The resit will be oral, upon individual appointment with the lecturer, to be held in January 2016. Note that the resit is for the entire course; the assignments do not count for the resit.
Exchange students leaving before Christmas and not returning to Tilburg should contact the lecturer before early December to discuss alternative options for the resit.
The course will only be taught if at least 20 students have subscribed.
- David S. Wall, Cybercrime: The Transformation of Crime in the Information age, Polity Press, 2007 (paperback edition), ISBN 978-0745627366. Additional compulsory literature will be provided separately.

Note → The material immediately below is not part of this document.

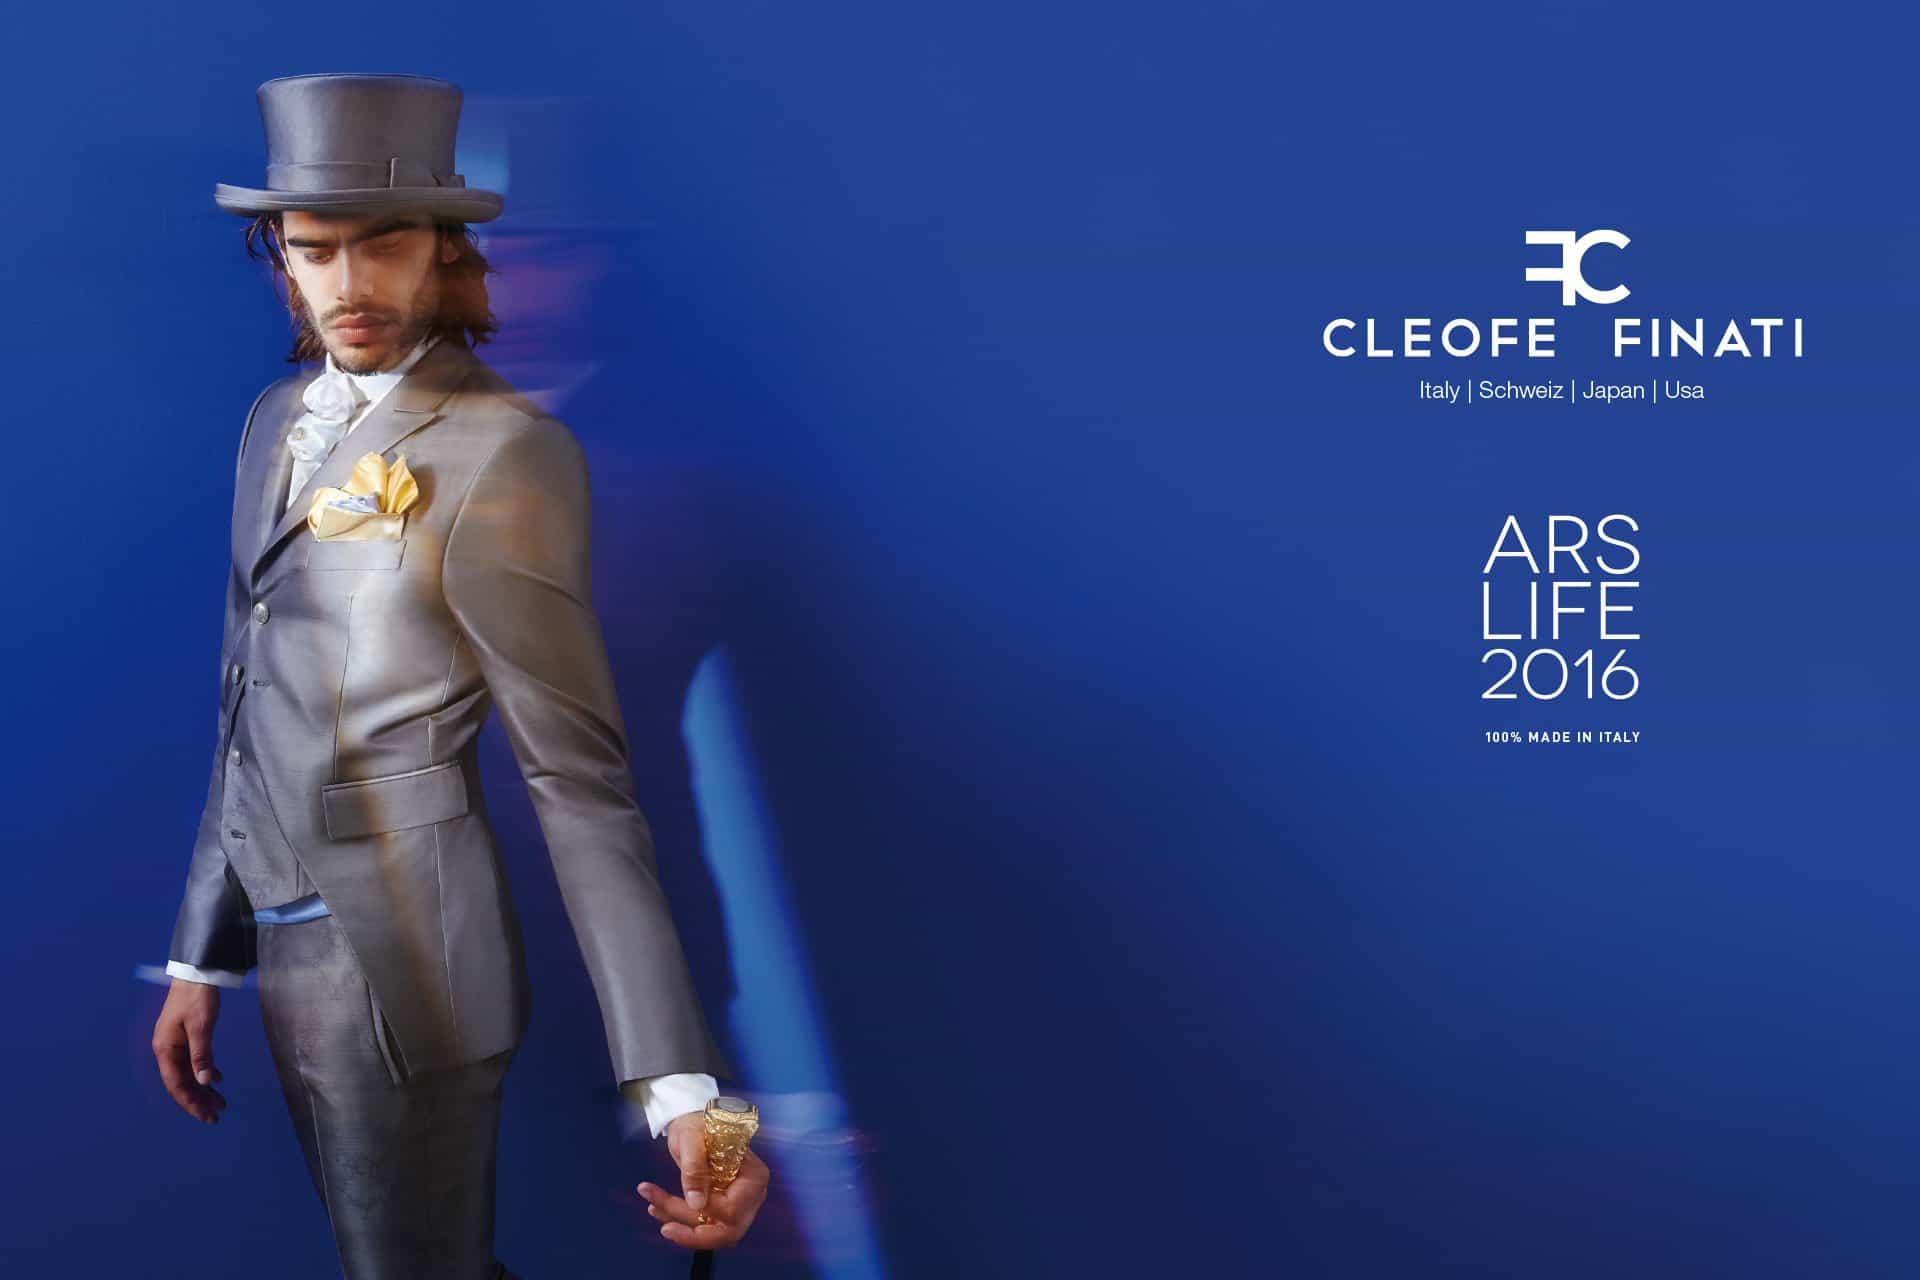 cleofe_arslife_adv

- B.J. Koops (red.), Strafrecht & ICT, 2e druk, Sdu, 2007, ISBN 978-90-12-12478-2. For Dutch students wishing to learn about Dutch cybercrime law
- Ian Walden, Computer Crimes and Digital Investigations, Oxford University Press, 2007, ISBN 978-0-19-929098-7. For those desiring more in-depth discussion of (primarily UK) cybercrime law
- Jonathan Clough, Principles of Cybercrime, Cambridge UP, 2010, ISBN 9780521728126. Very good book on cybercrime legislation, primarily in Anglo-Saxon countries
- Gregor Urbas, Cybercrime: Legislation, Cases and Commentary, Lexis Nexis, 2015, ISBN 9780409341683.